Error "Reason: Privileged Instruction" is interesting. This error is reported when user-space app tries to execute some kernel-space instruction. Maybe Ryzen incorrectly thinks that some FMA3 instruction is a kernel-space one and raises this error? I suspect that this is another FMA-related bug in Ryzen, so microcode update would be needed here.

I also read about that conflict between few antiviruses or similar software may also cause this. Do you use few such programs?

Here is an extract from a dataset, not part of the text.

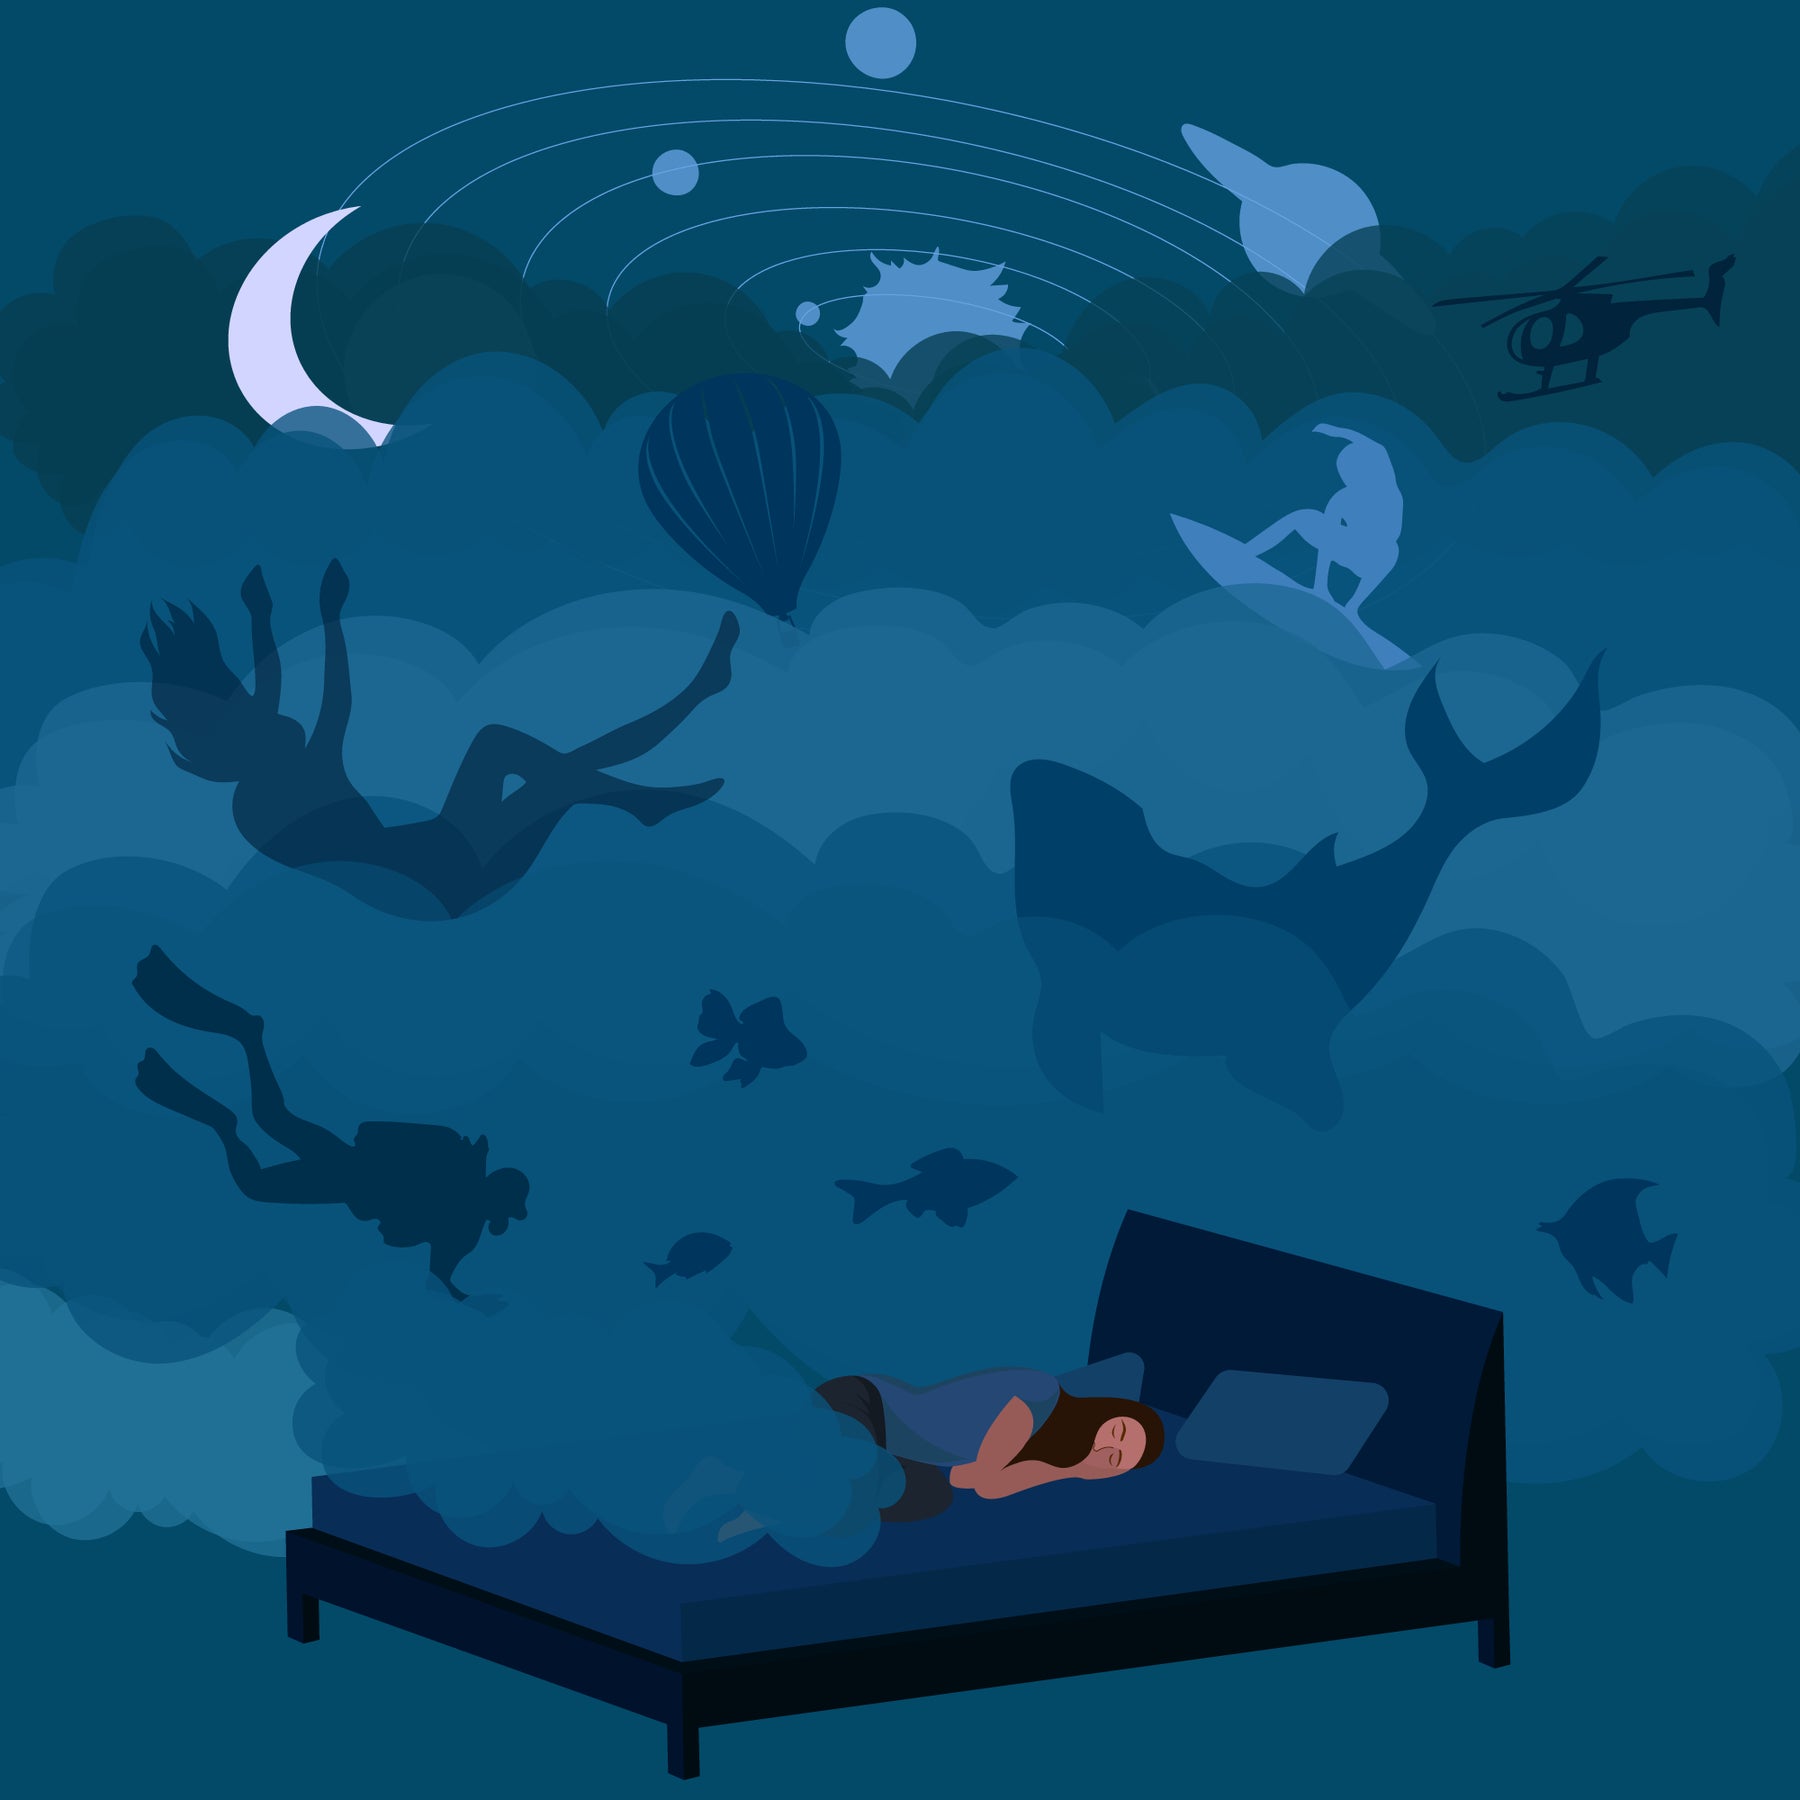 SLEEP 101: The Basics of Sleep

Edit: please check if there is BIOS update for your motherboard. If yes, please install it, especially if release notes for it says that it provide microcode update.
____________

NEO83
Send message
Joined: 22 Oct 16
Posts: 5
Credit: 856,495
RAC: 4
Germany
Message 1001 - Posted: 21 Mar 2017, 4:54:57 UTC

I am waiting for a BIOS Update but the latest one is installed and i dont use any antivirus software.

@ this moment i watched for the FMA apps on my BR, no problems there so it the Ryzen or only my System but i dont know ... i will wait for the next BIOS Update with a microcode update in it an will give Feedback here

koschi
Send message
Joined: 22 Oct 16
Posts: 25
Credit: 17,930,382
RAC: 39
Germany
Message 1005 - Posted: 21 Mar 2017, 14:09:09 UTC

On Linux (4.10) the FMA app works fine on my R7.

http://gene.disi.unitn.it/test/results.php?hostid=2506&offset=140&show_names=1&state=4&appid=

Seems a tiny bit (30s) slower than the AVX app though.

Krümel
Send message
Joined: 31 Oct 16
Posts: 19
Credit: 14,052,147
RAC: 44
Germany
Message 1008 - Posted: 22 Mar 2017, 16:10:19 UTC
Last modified: 22 Mar 2017, 16:13:03 UTC

Same here with Ryzen 7 1700 and Win 10.
FMA WUs won´t work.

http://gene.disi.unitn.it/test/result.php?resultid=7952994

Profile [B@P] Daniel
Volunteer developer
Send message
Joined: 19 Oct 16
Posts: 90
Credit: 2,205,103
RAC: 0
Poland
Message 1009 - Posted: 22 Mar 2017, 19:42:25 UTC

I tried to disassemble compiled binary and things got interesting. All crash reports here mentions following error:

Privileged Instruction (0xc0000096) at address 0x00000000004f5458


When I checked instruction at this address, I got "STI" which is a sensitive instruction according to https://support.microsoft.com/en-nz/help/114473/intel-privileged-and-sensitive-instructions. But when I tried to disassemble whole app, it turned out that address 0x00000000004f5458 is invalid - valid instruction starts one byte earlier, at 0x00000000004f5457. Instruction at this address is "vmovsd" - it is an AVX instruction. This instruction maps to line 160 in pc.cpp. It looks like Ryzen decided to jump to some invalid address and executed some random instruction there which turned out to be an STI instruction.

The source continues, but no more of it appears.